***** THE DATA
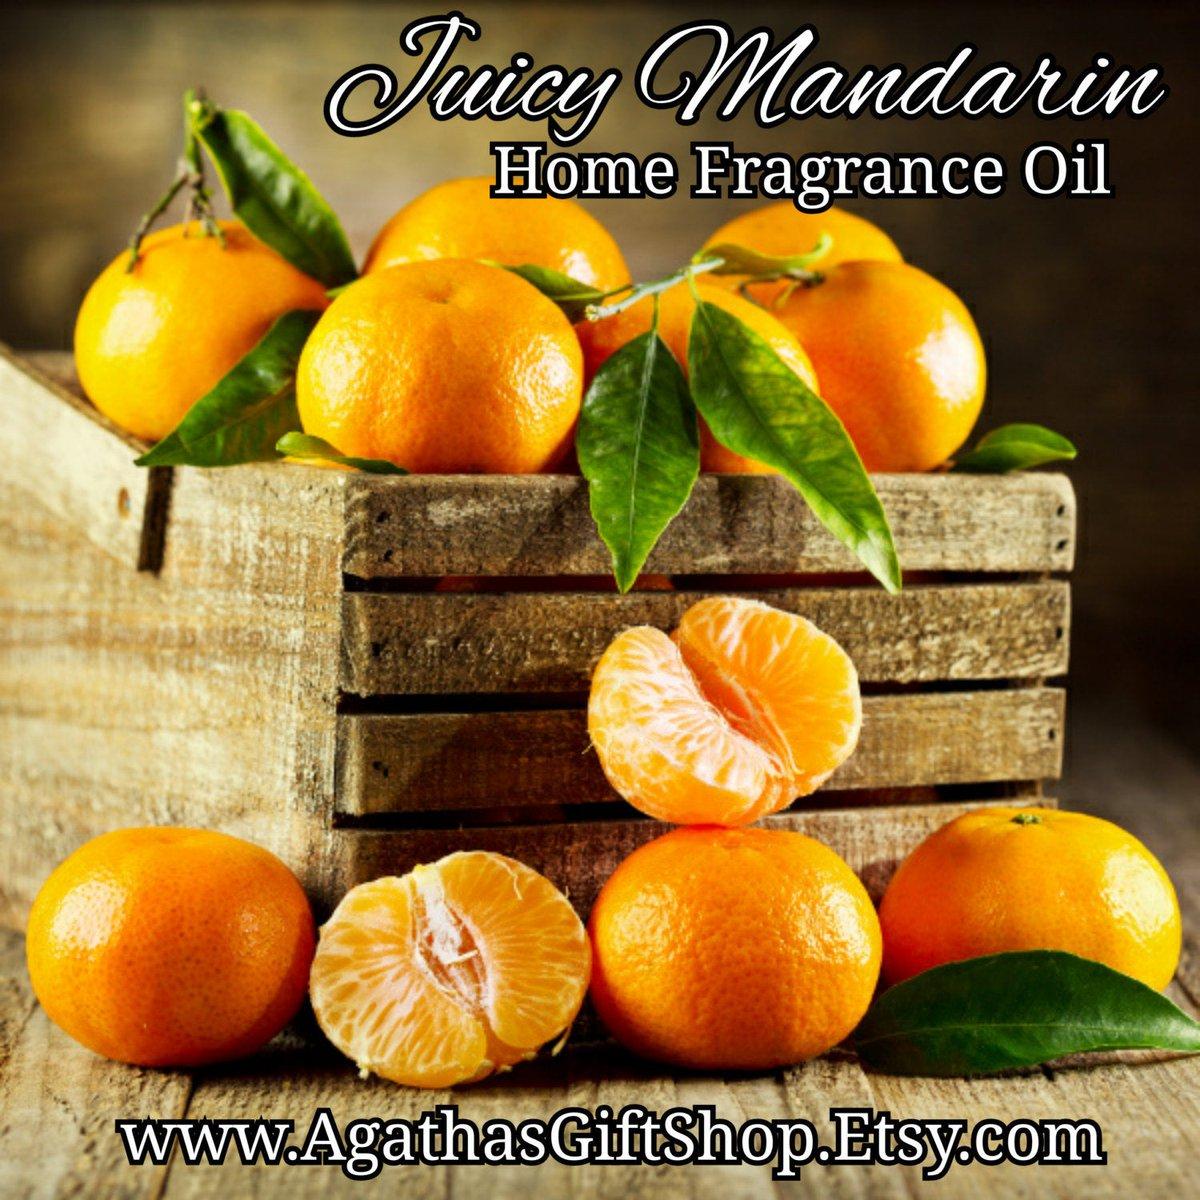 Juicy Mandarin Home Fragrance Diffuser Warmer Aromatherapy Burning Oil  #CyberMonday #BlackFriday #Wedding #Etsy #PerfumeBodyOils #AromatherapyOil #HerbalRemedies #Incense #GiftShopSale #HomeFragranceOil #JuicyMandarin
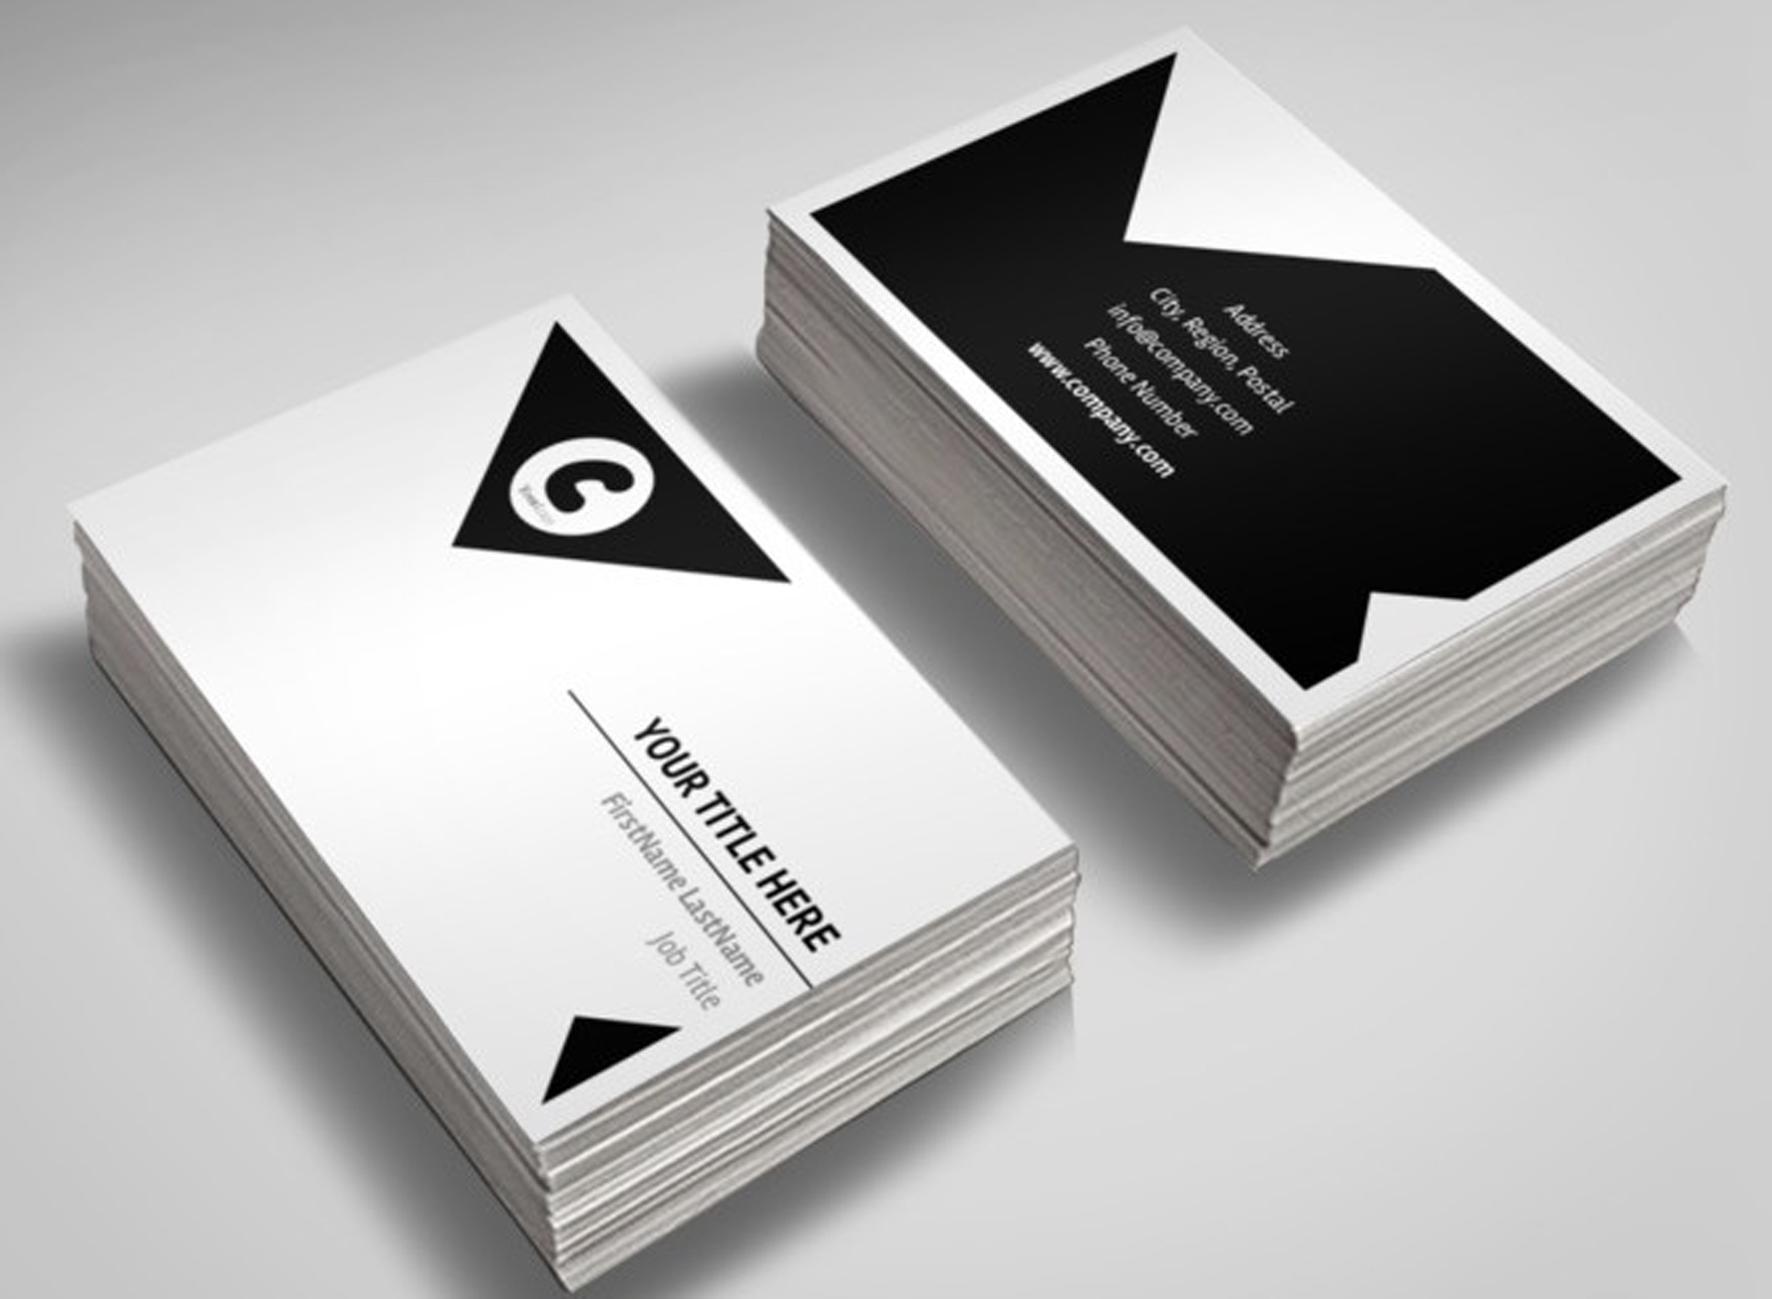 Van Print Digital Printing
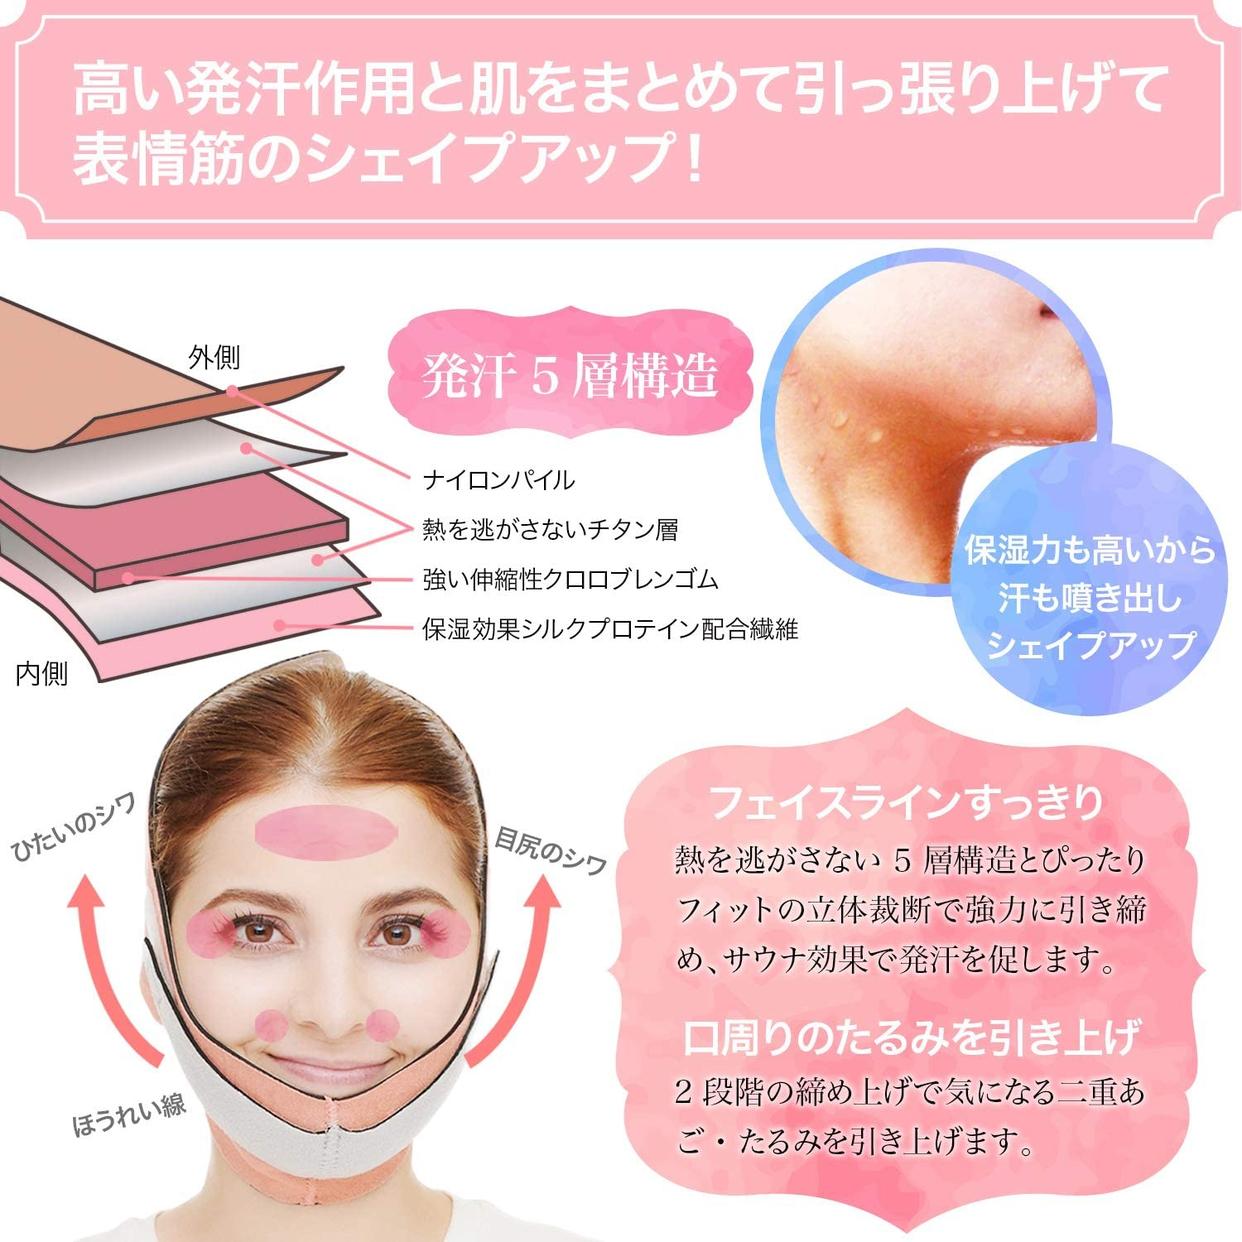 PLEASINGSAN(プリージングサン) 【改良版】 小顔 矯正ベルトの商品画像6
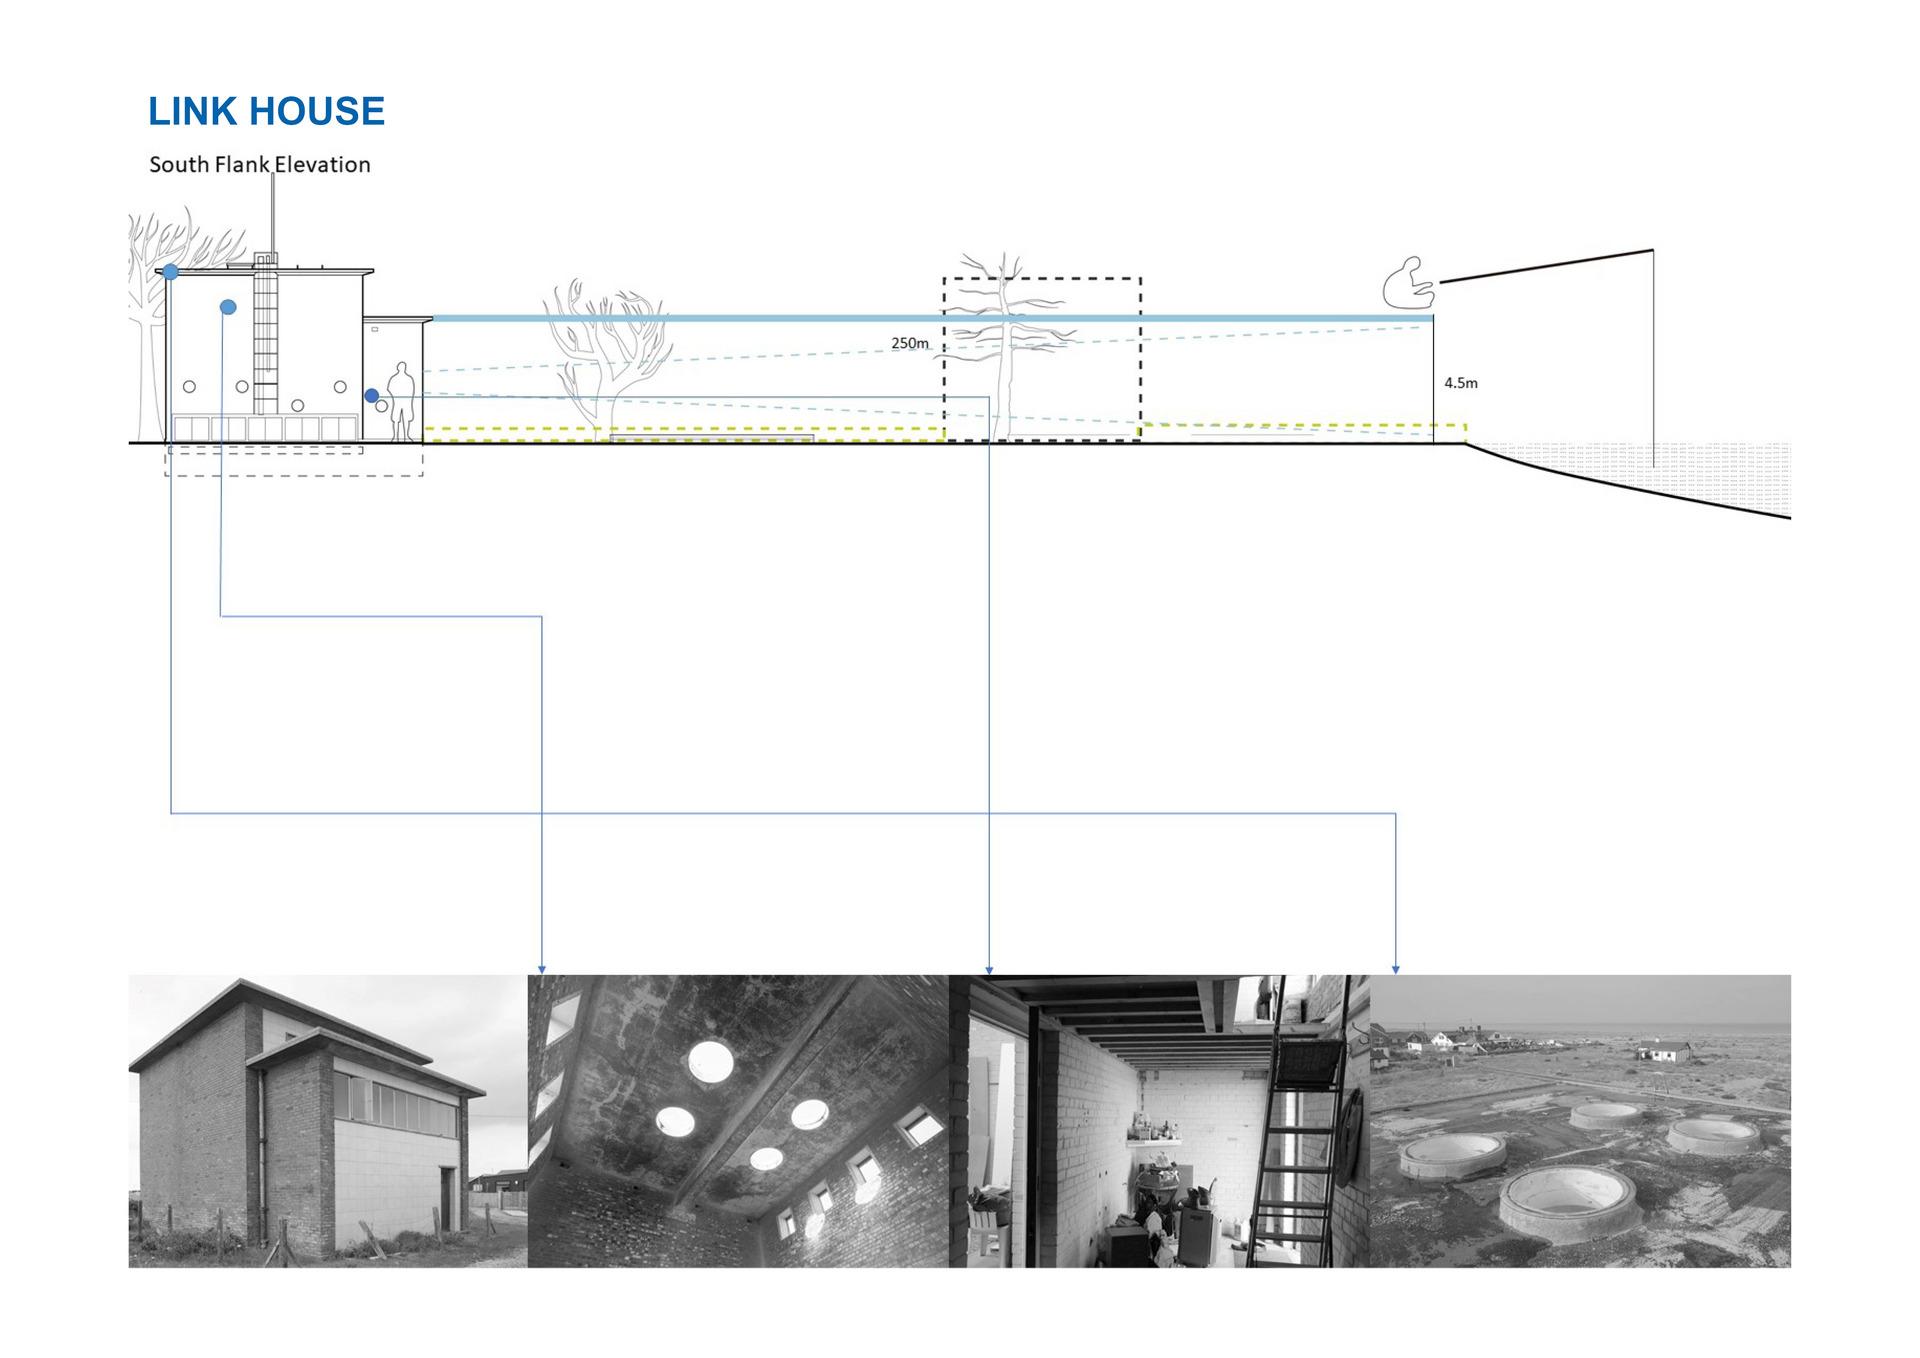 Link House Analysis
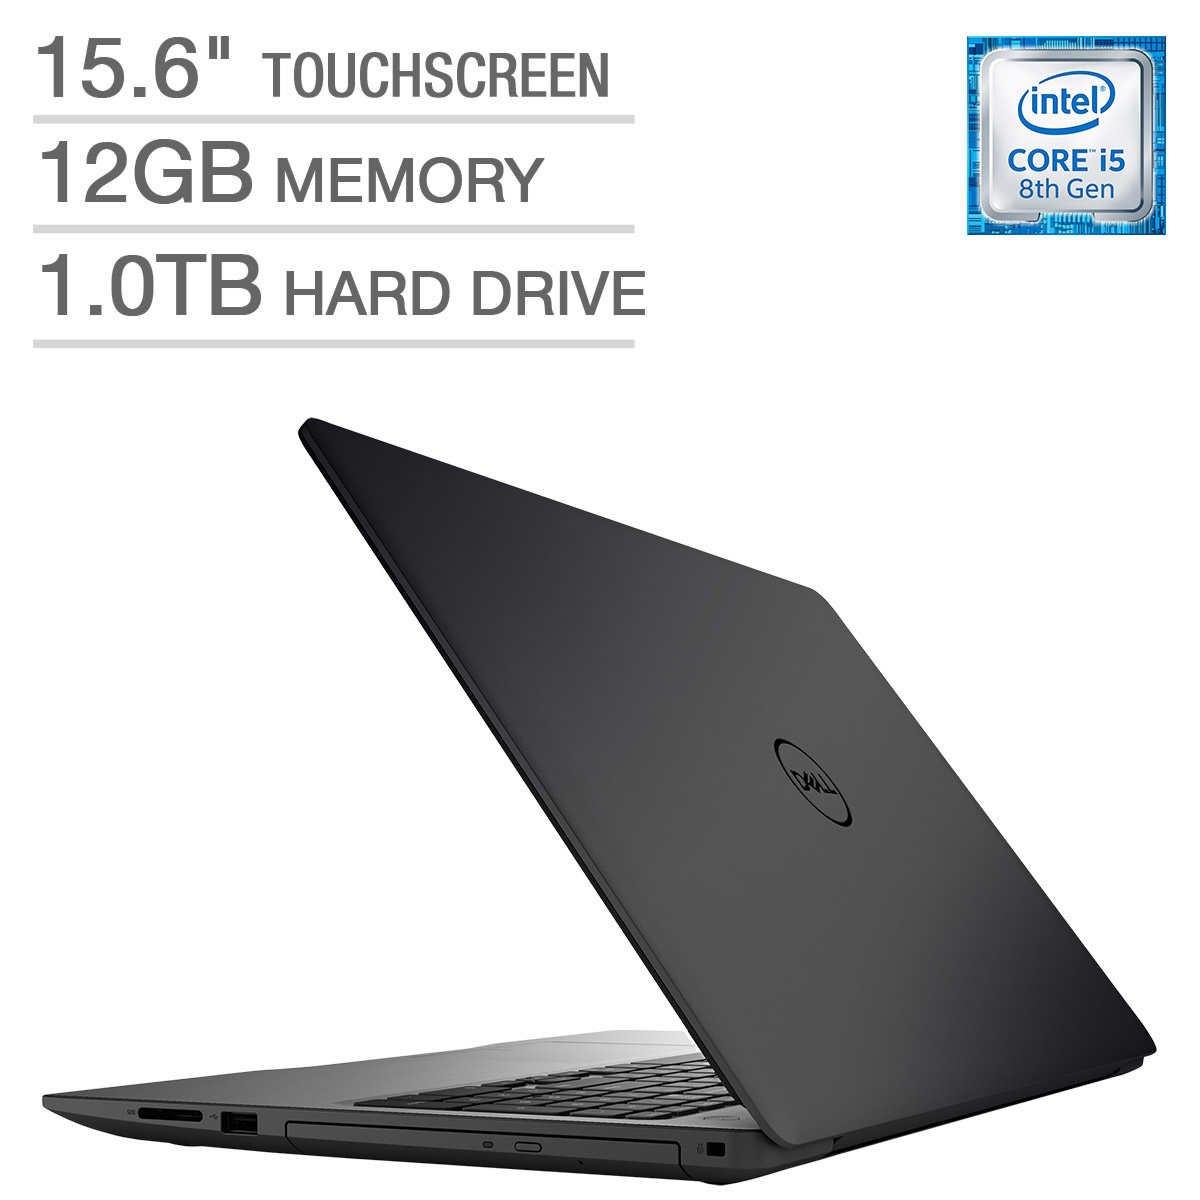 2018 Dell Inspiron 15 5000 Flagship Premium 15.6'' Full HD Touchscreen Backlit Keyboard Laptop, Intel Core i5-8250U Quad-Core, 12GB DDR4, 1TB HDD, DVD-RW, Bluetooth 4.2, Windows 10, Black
**********
• WORK TO COMPLETE
Once you find the line that contains "PLEASINGSAN(プリージングサン) 【改良版】 小顔 矯正ベルトの商品画像6", reproduce it and every line after it through the end of the entries above, exactly as written, with no pictures.

• EXERCISE ANSWER
 PLEASINGSAN(プリージングサン) 【改良版】 小顔 矯正ベルトの商品画像6
 Link House Analysis
 2018 Dell Inspiron 15 5000 Flagship Premium 15.6'' Full HD Touchscreen Backlit Keyboard Laptop, Intel Core i5-8250U Quad-Core, 12GB DDR4, 1TB HDD, DVD-RW, Bluetooth 4.2, Windows 10, Black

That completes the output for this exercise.